Before I sent my manuscript to the copy editor, I had several friends and family members read it and point out typos, grammatical errors, continuity errors, inconsistent spelling of Japanese words, and so on.
They found dozens of errors. By the time I sent it to the copy editor, I figured the manuscript was in excellent shape.
The copy editor sent it back with over 500 unequivocal errors flagged, including plenty of big, stupid ones. Kawasaki describes a nearly identical experience in his book.
The moral: if your book is a vanity project and you just want to see your name come up in an Amazon search, sure, skip copy editing.
If you want to actually sell books and avoid having readers fling their Kindles aside after slogging through two pages of your error-ridden prose (and leave you a one-star review), hire a professional.
You can find a copy editor through the Editorial Freelancers Association.

Cover me

I also hired a professional cover designer.
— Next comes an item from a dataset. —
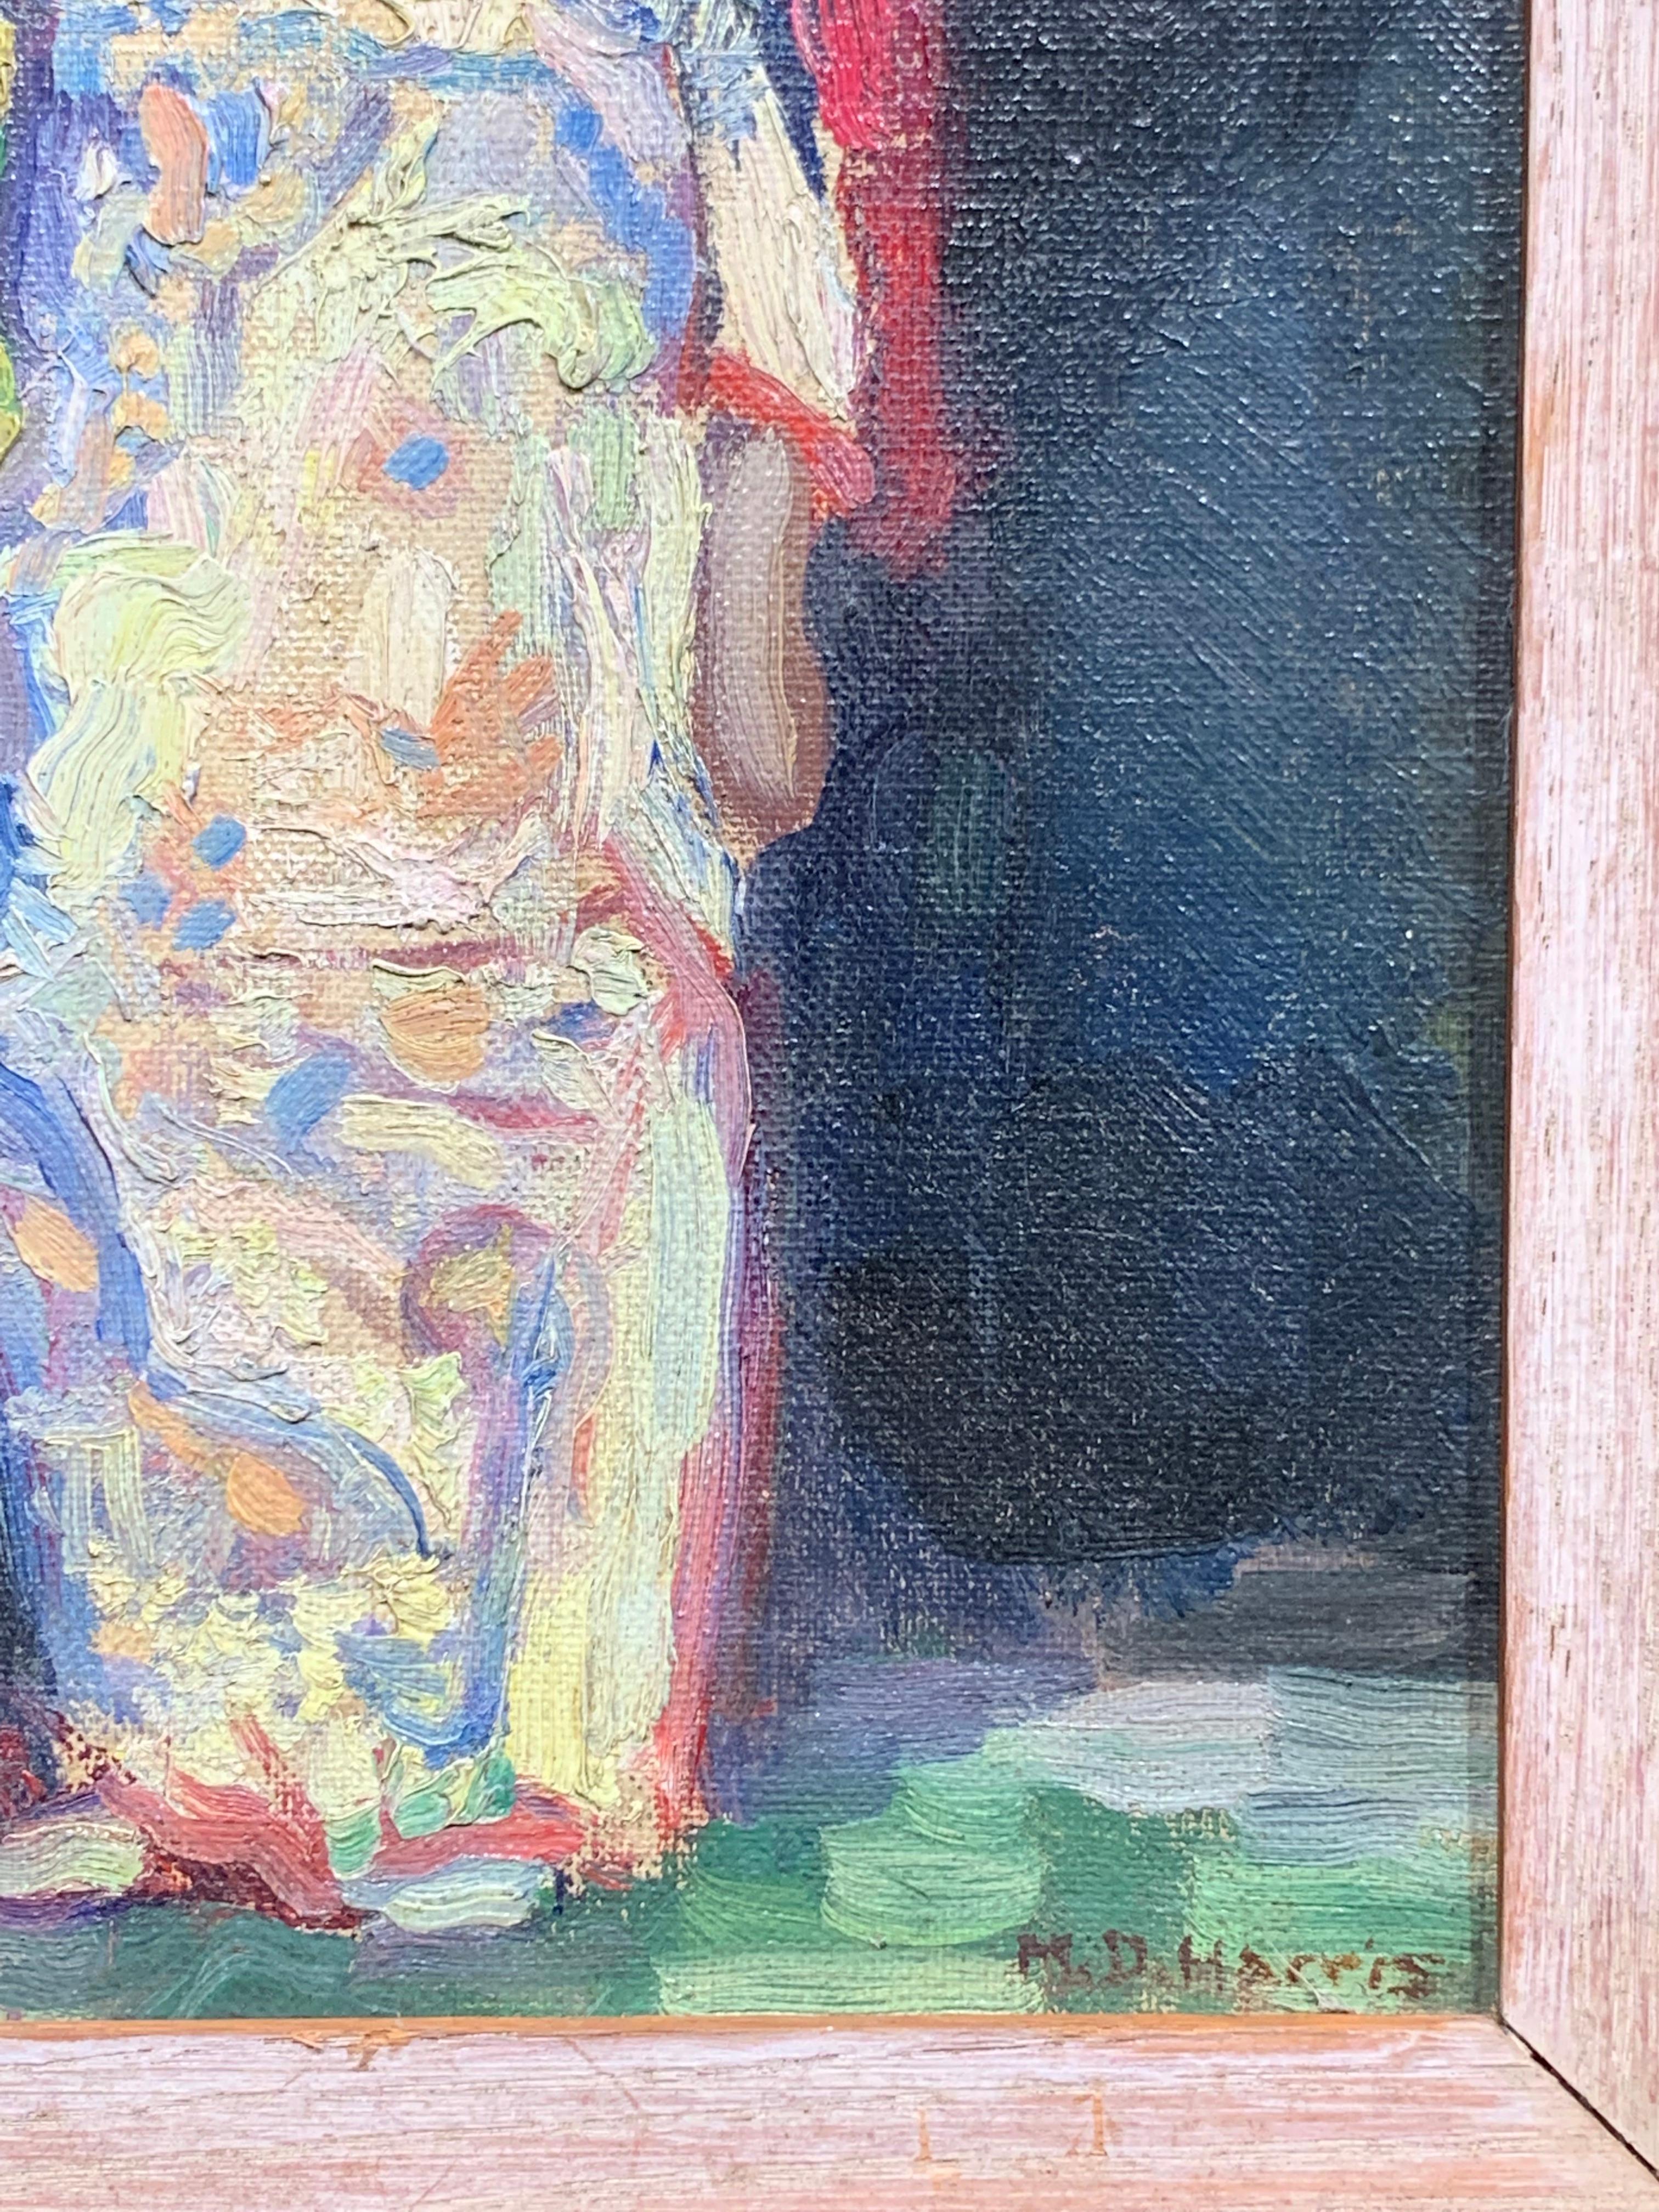 Amérindien de l'Est (figure impressionniste) - Impressionnisme Painting par Marian D. Harris

Readers are more likely to click on a good cover, and there are a lot of bad covers, so it’s not hard to stand out.
The design cost $300 and included several prototype designs to choose from, and back-and-forth edits with the designer. (“Can you make the octopus scarier?” “Sure.”) I hired CL Smith.
Another good place to shop for a book cover is 99Designs, where freelance designers compete for your contract.
Recently, Amazon introduced a tool called Cover Designer which lets you build a cover using free stock photos, backgrounds, and templates.
I’ve tried it, and it’s pretty good—not as good as the results you’ll get from hiring a professional designer, but possibly good enough for your book.
Since it’s free, by all means give it a try. (To try it, sign up for Amazon’s Kindle Direct Publishing program and add a book; you don’t have to have your manuscript ready in order to play with Cover Designer.)

Inside job

Finally, there’s the small matter of the stuff inside the book.
Most of the major ebook stores will let you simply upload a Microsoft Word document, but it’s not a great idea.
Unless your surname is Gates, you’re probably not as consistent with your use of formatting styles as an ebook requires, and, as a result, your ebook will look funny: weird spacing, clunky title page, and so on.
You have several options for making your words look as good as they sound.
Design it yourself. Amazon publishes a free guide, Building Your Book for Kindle, that explains how to format your book well in Word, including building a table of contents (often missing from published books, infuriatingly).
For the most part, the book’s advice applies not just to Amazon, but to other stores such as Barnes and Noble, iBooks, and Kobo.
Use an aggregator such as BookBaby or Smashwords. These services (which I’ll discuss more next week) will format your manuscript for a fee (BookBaby) or a cut of your royalties (Smashwords).
The results range from decent to excellent, depending on how good your formatting is when you deliver the manuscript.
Hire a book designer. For $200 (for a medium-length novel), 52 Novels will produce pristine EPUB and Kindle-format files from your manuscript. Extra-long books and nonfiction books cost more.

The bill

Assuming a 250-page novel, the total cost of producing a pro-quality ebook from your finished manuscript is $1200 to $2000.